In der Stadtverwaltung selbst arbeiten nach Auskunft von Pressesprecher Thomas Loibl 140 Beamte und Angestellte. 42 von ihnen pendeln tagtäglich ins Rathaus, manche von ihnen in Fahrgemeinschaften. Einen weiten Anfahrtsweg hat Stadtjugendpflegerin Sonja Schütz. Sie legt einfach 58 Kilometer von Böbing im Landkreis Weilheim-Schongau nach Geretsried zurück. Warum sie das auf sich nimmt? „Ich wollte unbedingt die Stelle als Stadtjugendpflegerin, weil das schon immer mein Traumberuf war“, berichtet sie. Diesen Posten biete nicht jede Kommune, in Weilheim sei er schon vergeben gewesen. Also setzt sich die Diplom-Sozialpädagogin jeden Morgen in ihren Wagen und kurvt eine Dreiviertelstunde lang – im Winter auch länger – über Landstraßen und die Garmischer Autobahn nach Geretsried. „Klar wäre es mit öffentlichen Verkehrsmitteln bequemer“, sagt Schütz. „Aber ich kann ganz gut abspannen beim Autofahren. Oft nutze ich die Zeit, um mit einer CD Spanisch zu lernen.“ Ein Umzug an ihren Arbeitsort wäre für die in Böbing fest verwurzelte junge Frau keine Option.

Tyckza: Von 350 Beschäftigten sind 108 Einpendler

Astrid Gövert Pressesprecherin von Tyczka Energy.

Bei Tyczka Energy sind nach Angaben von Pressesprecherin Astrid Gövert von 350 Beschäftigten 108 Einpendler. Sie stammen aus dem Landkreis, aus Starnberg, Landsberg am Lech, Fürstenfeldbruck, München, Weilheim, Miesbach, Schwandorf und Schwaben. „Sicher wäre eine S-Bahn-Anbindung bis Geretsried gerade für die Mitarbeiter aus München wünschenswert“, sagt Gövert.

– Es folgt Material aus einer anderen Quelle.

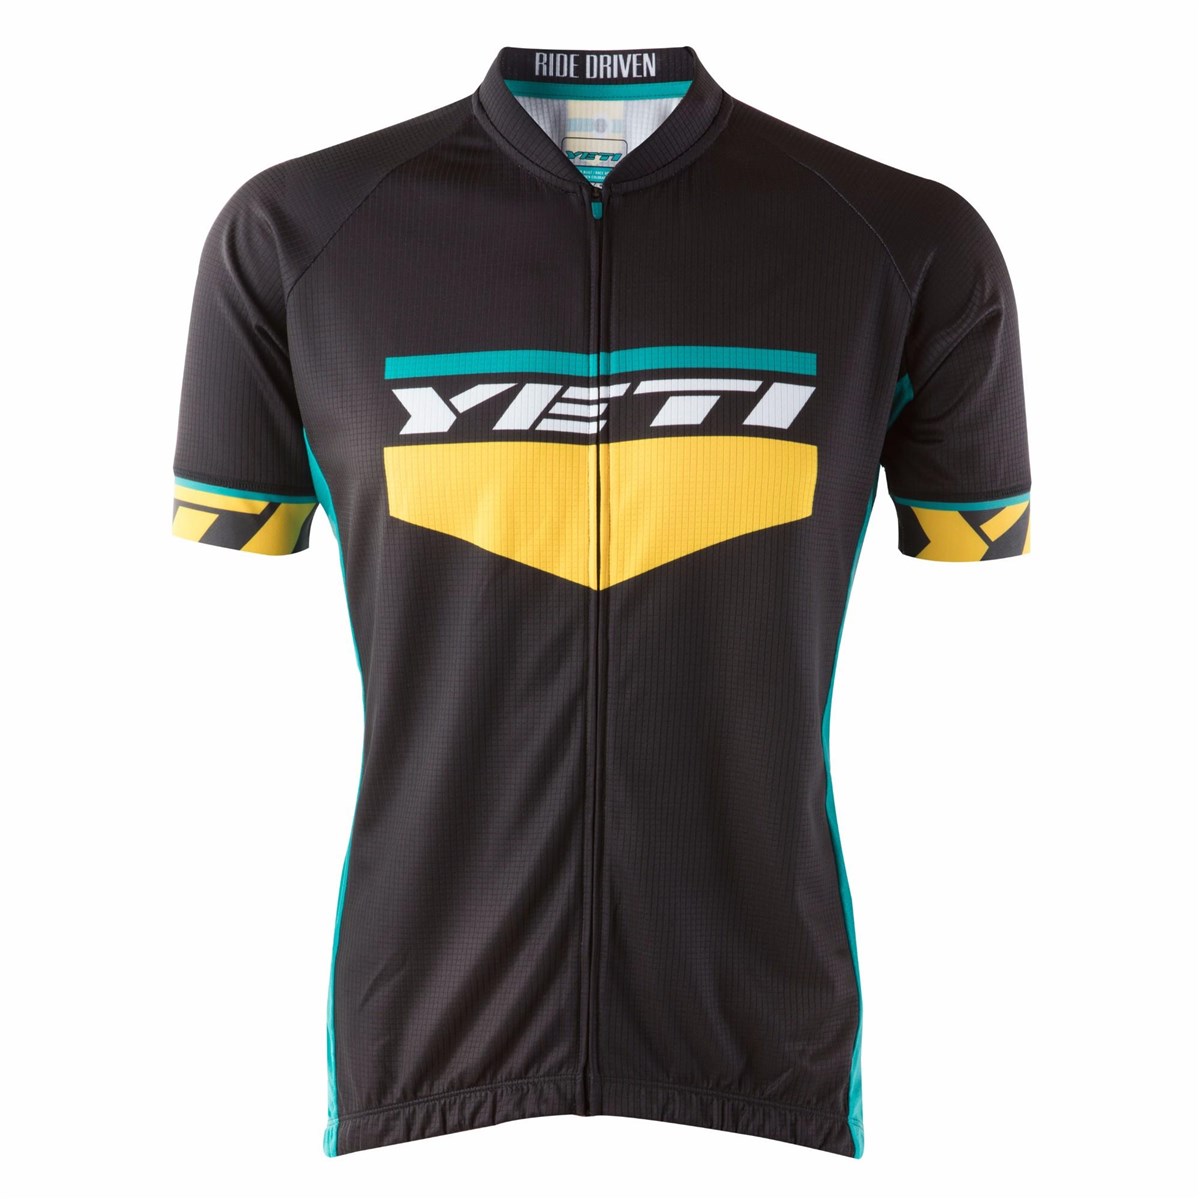 Yeti Ironton XC Short Sleeve Jersey product image

Rohi: Einige Mitarbeiter bilden Fahrgemeinschaften

Auch die in München lebenden Mitarbeiter des Stoff-Herstellers Rohi würden gerne die S-Bahn benutzen, wenn sie in Geretsried-Süd halten würde. Die meisten Kollegen in der Designabteilung und im Vertrieb kommen laut Marketing-Leiterin Judith Steiner aus der Landeshauptstadt. Die Kollegen in der Produktion würden zumeist in Geretsried oder in der Nähe wohnen. Zehn von 50 Mitarbeitern seien Einpendler. „Wir beschäftigen auch immer 12 bis 13 Praktikanten, die teilweise in München leben und kein eigenes Auto haben. Für sie wäre die S-Bahn bis Geretsried sehr praktisch. Muss man in Wolfratshausen erst auf den Bus warten, dauert es insgesamt doch recht lange“, sagt Steiner. Einige Mitarbeiter würden Fahrgemeinschaften bilden.

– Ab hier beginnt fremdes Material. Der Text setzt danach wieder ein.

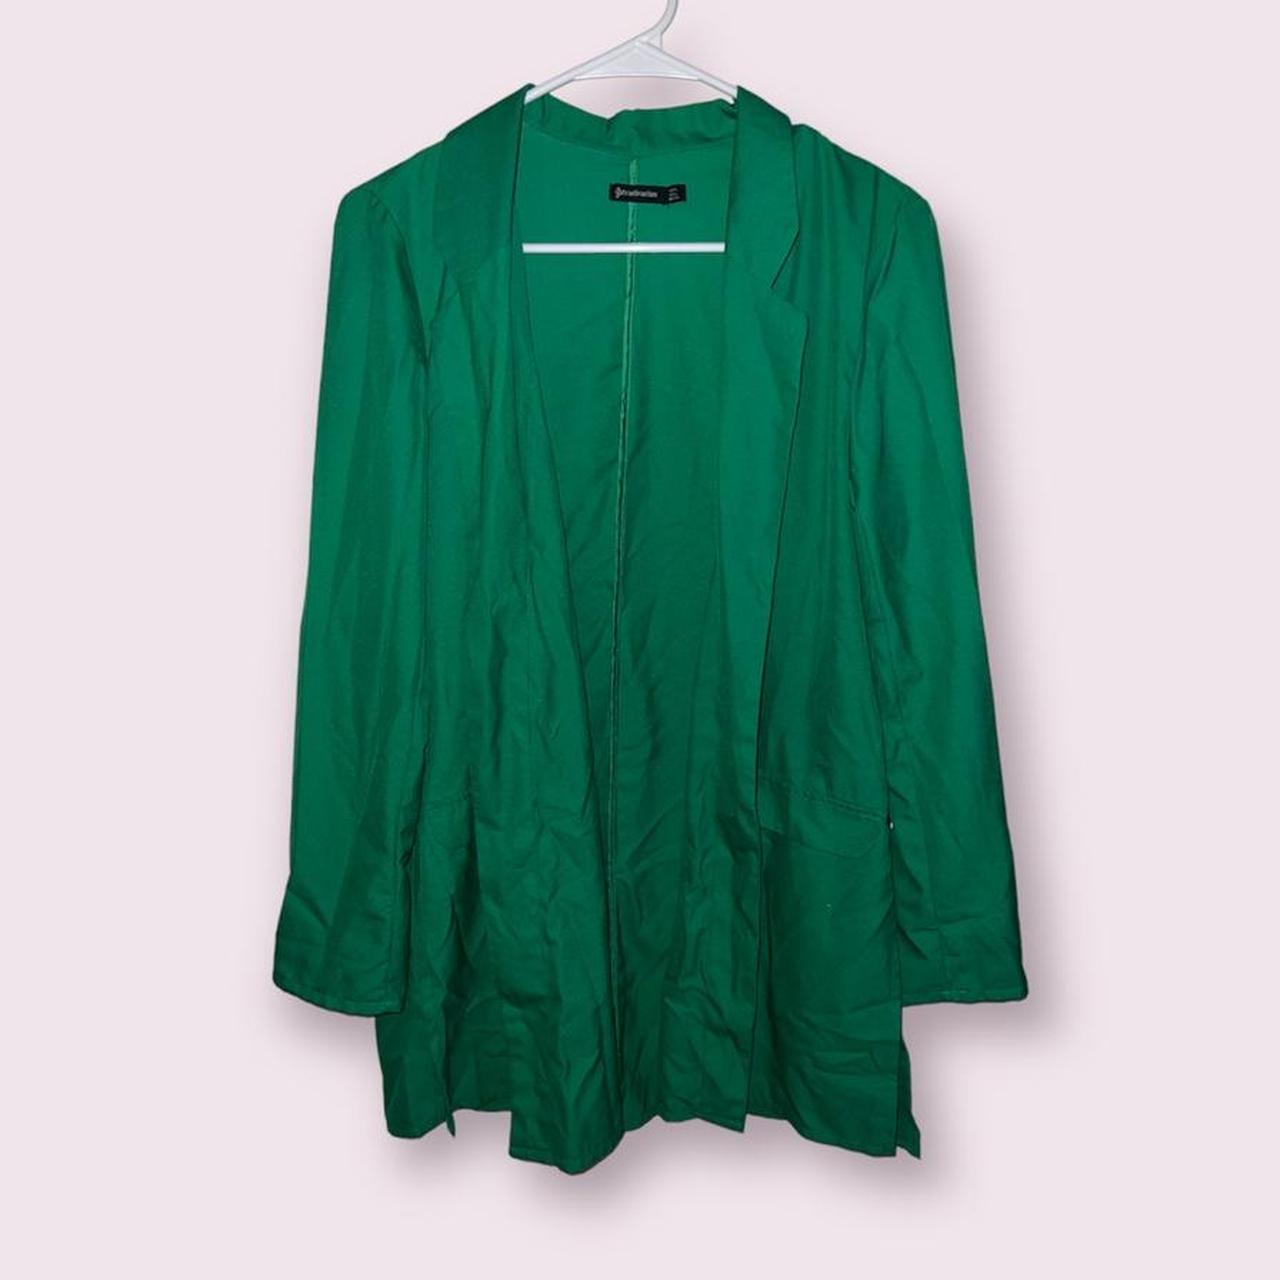 Stradivarius Women's Green Shirt

DMG Mori: 10 von 31 Mitarbeitern pendeln

Beim Maschinenhersteller DMG Mori München an der Lausitzer Straße kommen nach Auskunft von Sachbearbeiterin Maximiliane Kuhner 10 von 31 Mitarbeitern aus München, Garmisch-Partenkirchen und Murnau. „Von den Münchnern würden sicher einige die S-Bahn benutzen, wenn sie vor der Haustüre halten würde“, sagt Kuhner. Fahrgemeinschaften seien ihr nicht bekannt, die meisten wollten wohl unabhängig sein.

Schwierigkeiten mit Parkplätzen für die Einpendler gibt es eher nicht. Die großen Firmen haben genügend Kapazitäten, wie sie sagen. Auch mitten in der Stadt bereitet die aktuelle Großbaustelle offenbar keine Probleme. Pressereferent Loibl meint, im erweiterten Umfeld des Rathauses gebe es genügend Parkmöglichkeiten.